- Prompt
Leaving all pictures out, output exactly and only the line containing "(140706) -- BUDAPEST, 5" and the lines that follow it to the end of the material below.

- Supplied data
*** Block opens ***
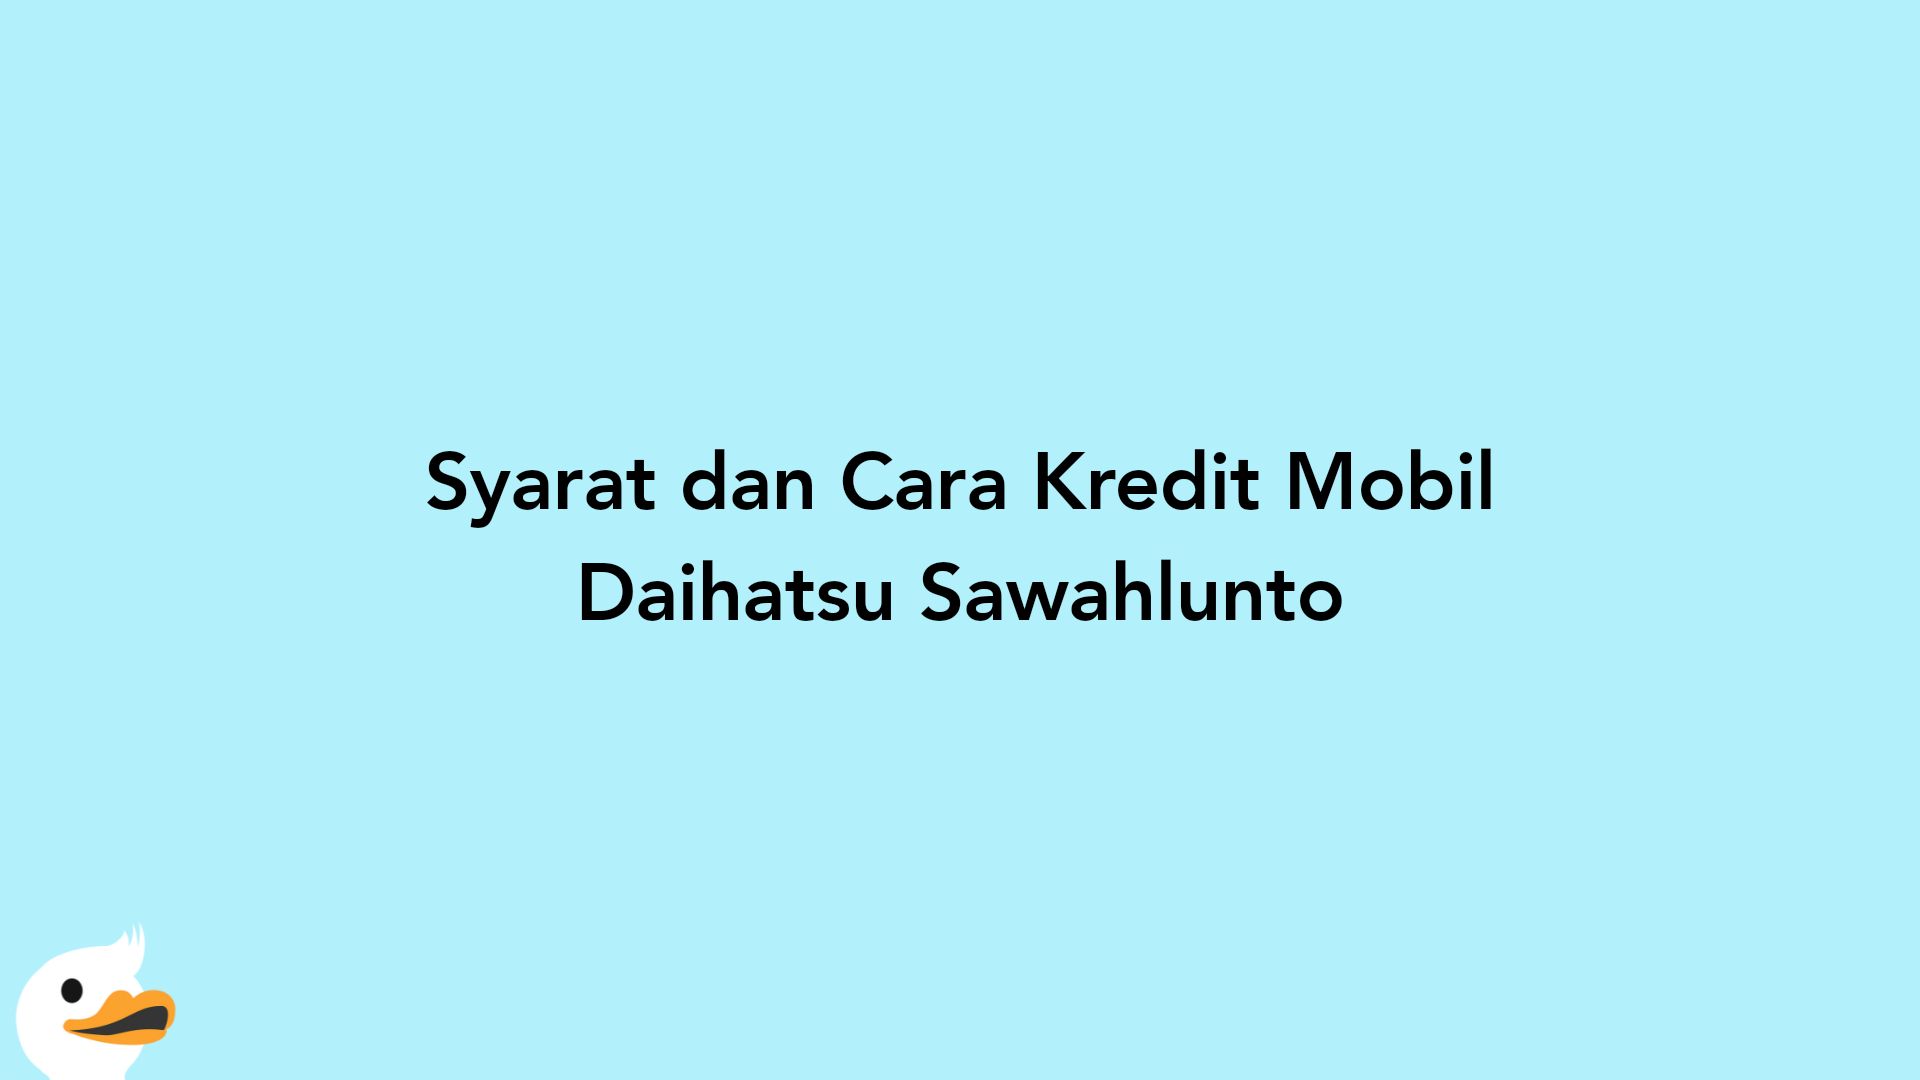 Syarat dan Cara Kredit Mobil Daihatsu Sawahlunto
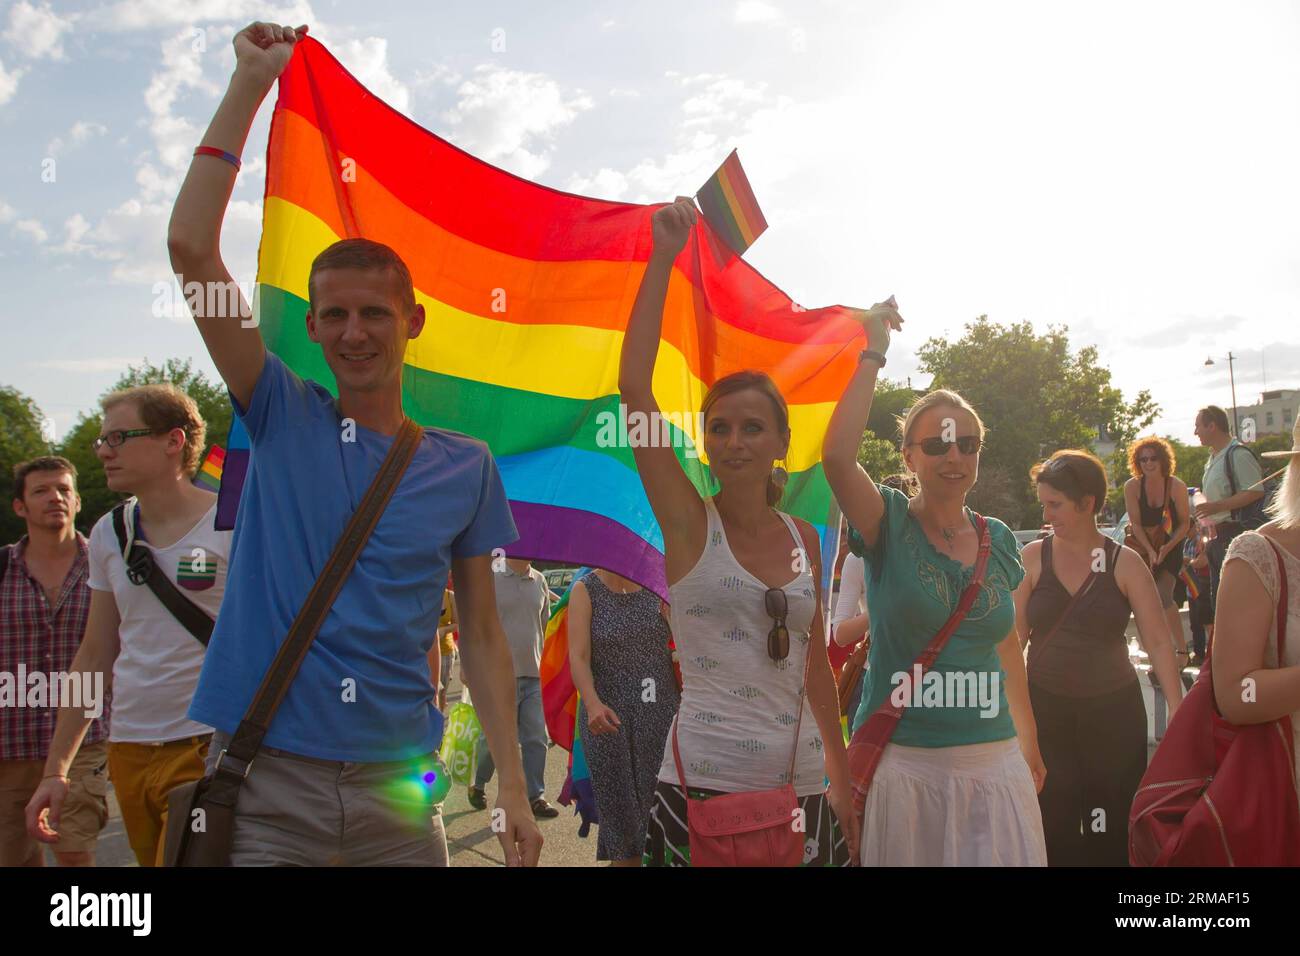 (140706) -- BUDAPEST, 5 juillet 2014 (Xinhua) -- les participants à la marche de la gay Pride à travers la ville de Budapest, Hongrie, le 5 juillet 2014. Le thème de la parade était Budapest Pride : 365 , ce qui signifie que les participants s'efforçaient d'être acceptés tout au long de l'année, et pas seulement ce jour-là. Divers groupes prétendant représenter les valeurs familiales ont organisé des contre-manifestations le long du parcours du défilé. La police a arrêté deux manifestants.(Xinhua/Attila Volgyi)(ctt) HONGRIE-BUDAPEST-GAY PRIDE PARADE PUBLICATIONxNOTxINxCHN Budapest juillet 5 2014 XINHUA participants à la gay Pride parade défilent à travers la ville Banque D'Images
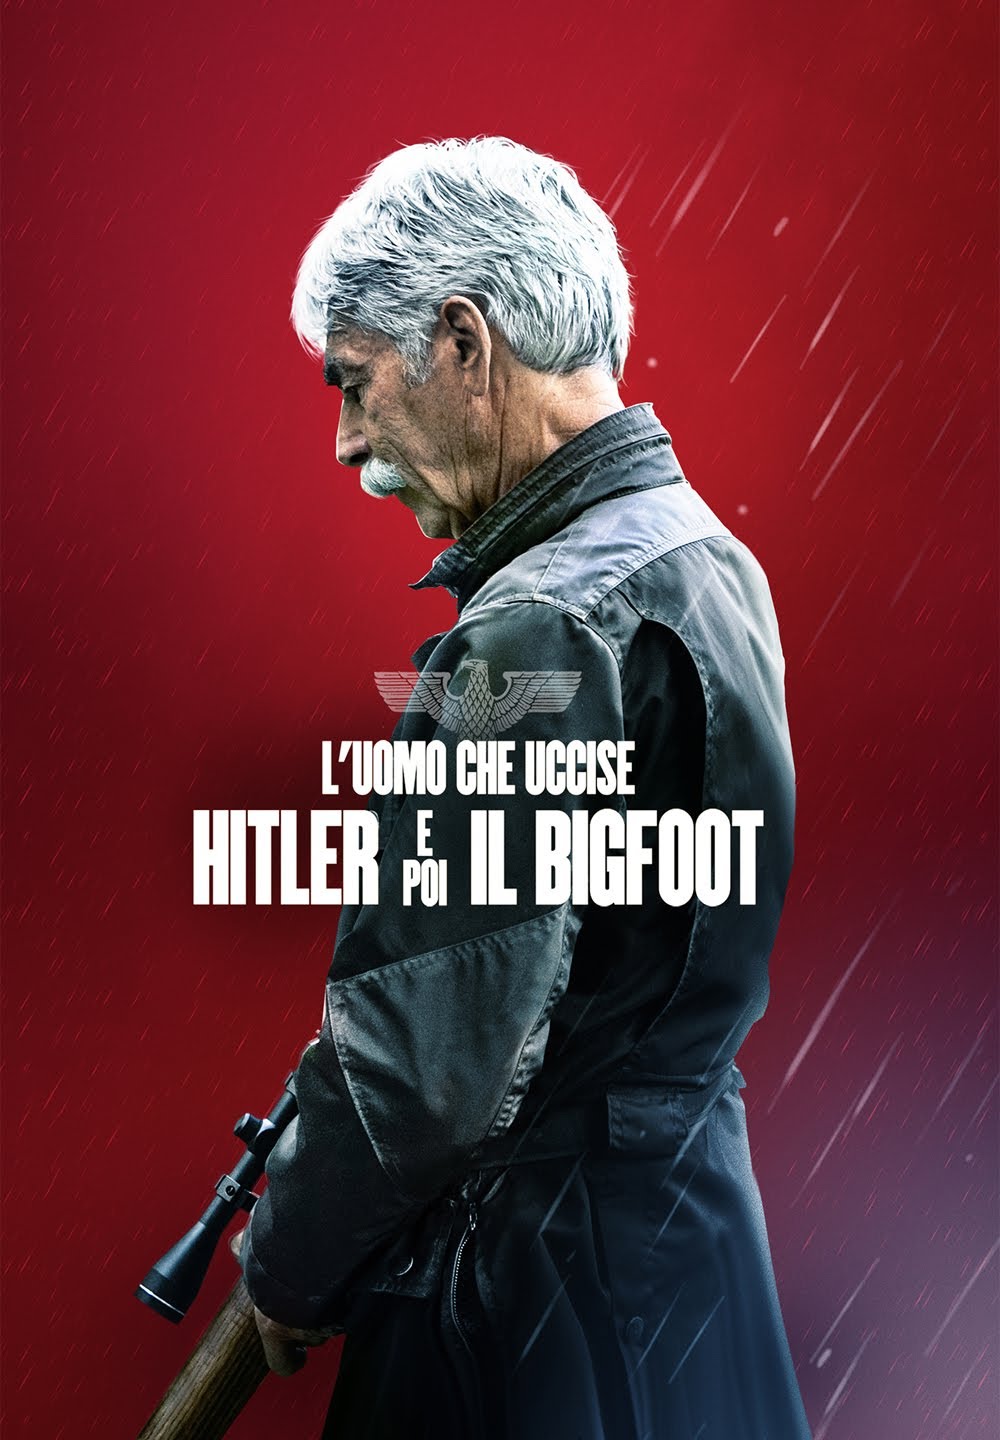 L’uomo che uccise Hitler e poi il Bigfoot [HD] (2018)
*** Block closes ***
- Output for this task
 (140706) -- BUDAPEST, 5 juillet 2014 (Xinhua) -- les participants à la marche de la gay Pride à travers la ville de Budapest, Hongrie, le 5 juillet 2014. Le thème de la parade était Budapest Pride : 365 , ce qui signifie que les participants s'efforçaient d'être acceptés tout au long de l'année, et pas seulement ce jour-là. Divers groupes prétendant représenter les valeurs familiales ont organisé des contre-manifestations le long du parcours du défilé. La police a arrêté deux manifestants.(Xinhua/Attila Volgyi)(ctt) HONGRIE-BUDAPEST-GAY PRIDE PARADE PUBLICATIONxNOTxINxCHN Budapest juillet 5 2014 XINHUA participants à la gay Pride parade défilent à travers la ville Banque D'Images
 L’uomo che uccise Hitler e poi il Bigfoot [HD] (2018)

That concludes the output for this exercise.